O exemplo do açaí demonstra que a bioeconomia, quando moldada pelas condições locais e demandas, pode ser uma força poderosa para o bem. A cadeia do cacau, por sua vez, serve como um aviso. Mostra que, sem a estratégia e o foco corretos, até mesmo produtos nativos podem falhar em entregar benefícios socioeconômicos abrangentes.
Com uma estimativa de um PIB de R$ 38,5 bilhões até 2050, apenas com 13 produtos, a bioeconomia tem um potencial tremendo na Amazônia. É crucial que este potencial seja explorado de forma correta. Mais do que apenas uma fonte de renda, a bioeconomia sustentável é vital para a preservação dos serviços ecossistêmicos da região.
Para que a Amazônia continue a prosperar e a fornecer seus inestimáveis serviços ecossistêmicos, é essencial uma abordagem multifacetada. Governos, empresas e a sociedade civil precisam colaborar e promover uma bioeconomia que valorize tanto a economia quanto a ecologia.

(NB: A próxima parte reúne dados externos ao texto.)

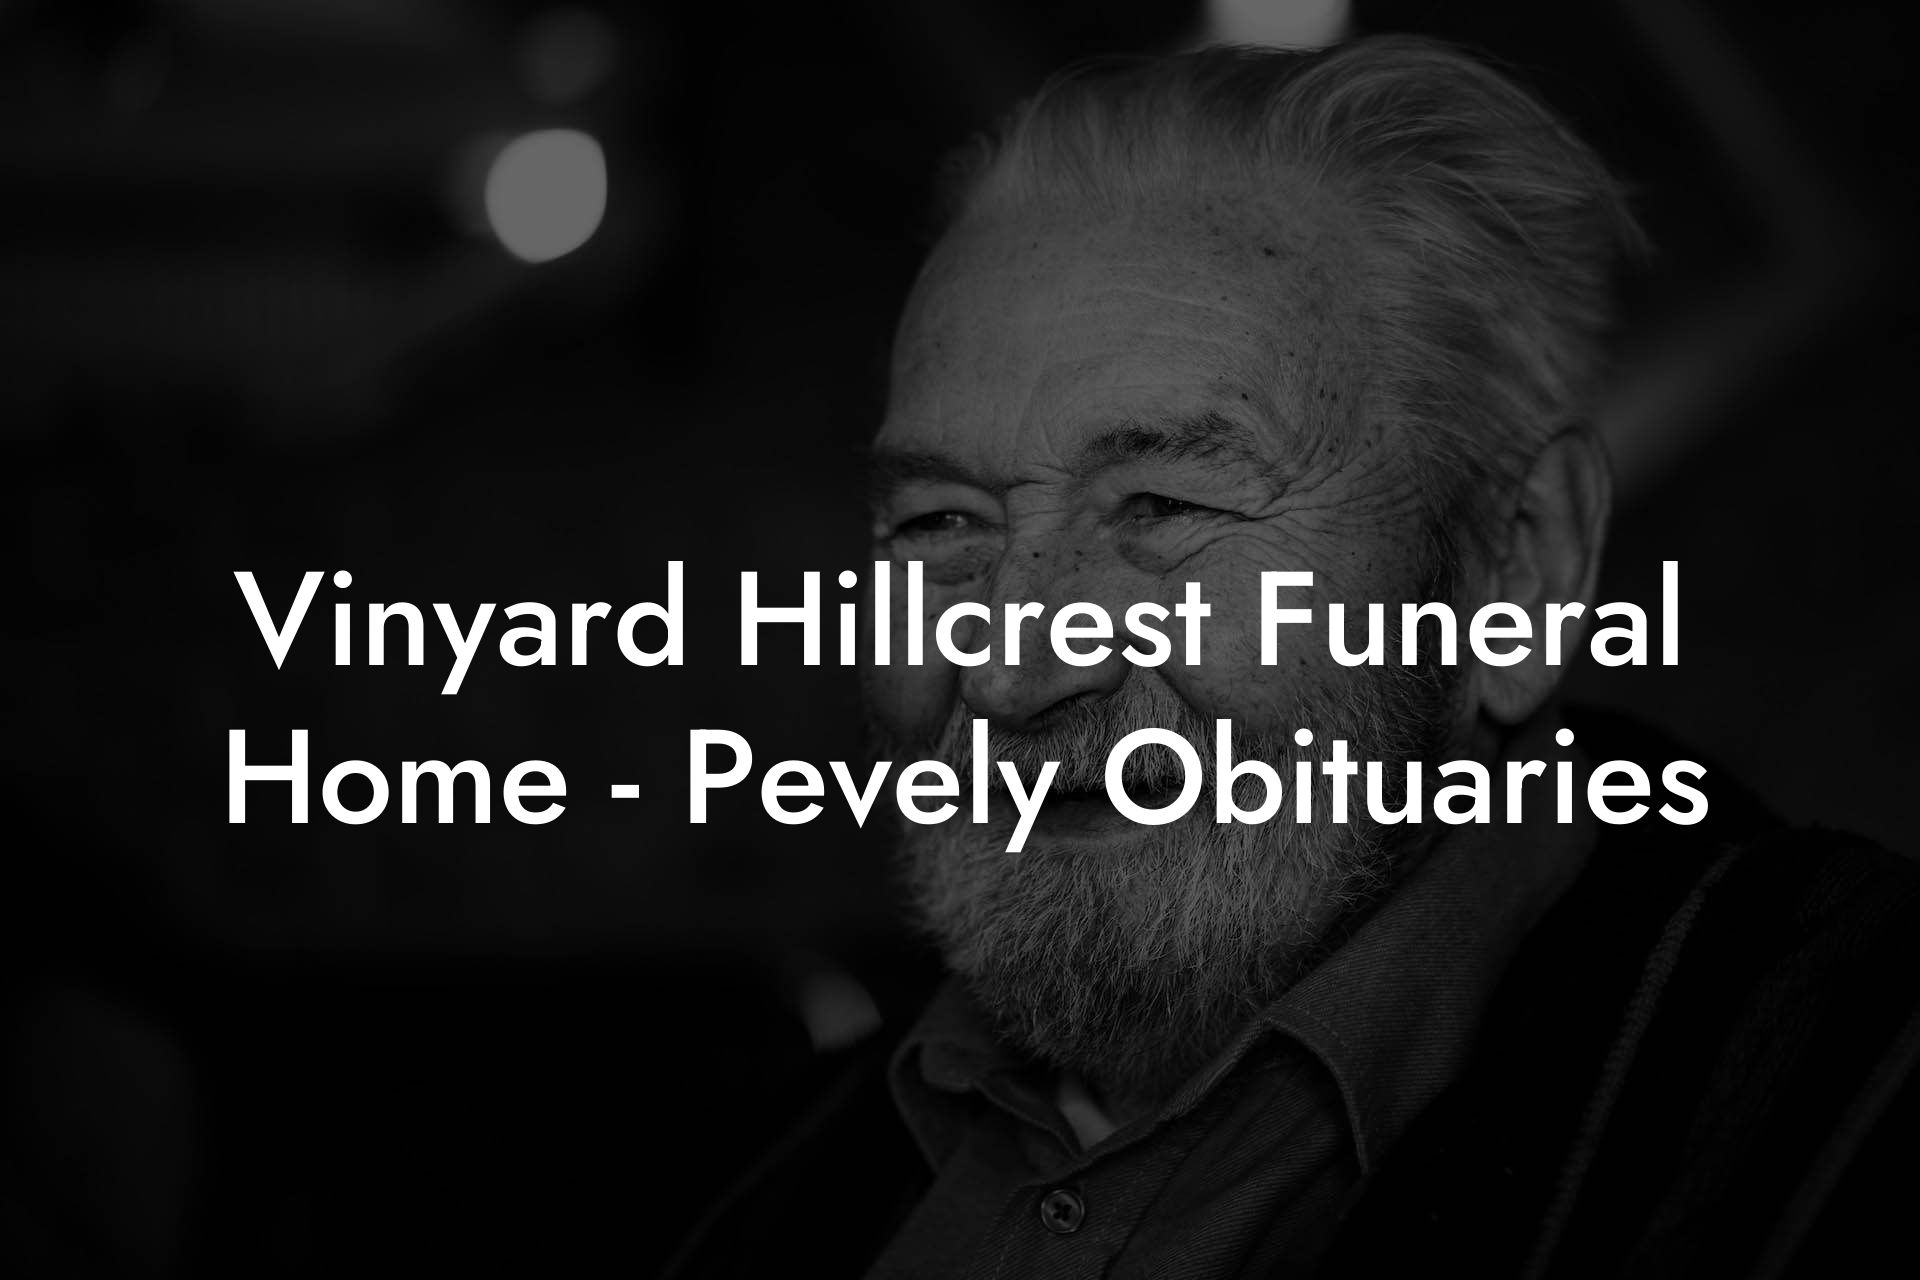 Vinyard Hillcrest Funeral Home - Pevely Obituaries

Concluindo, a história do açaí e do cacau na Amazônia fornece valiosas lições. Demonstram a importância da inovação, da demanda local e da integração em todas as etapas da cadeia de valor. Mais importante ainda, destacam a urgência de adotar uma bioeconomia sustentável, para garantir um futuro próspero e equilibrado para a Amazônia e suas gentes.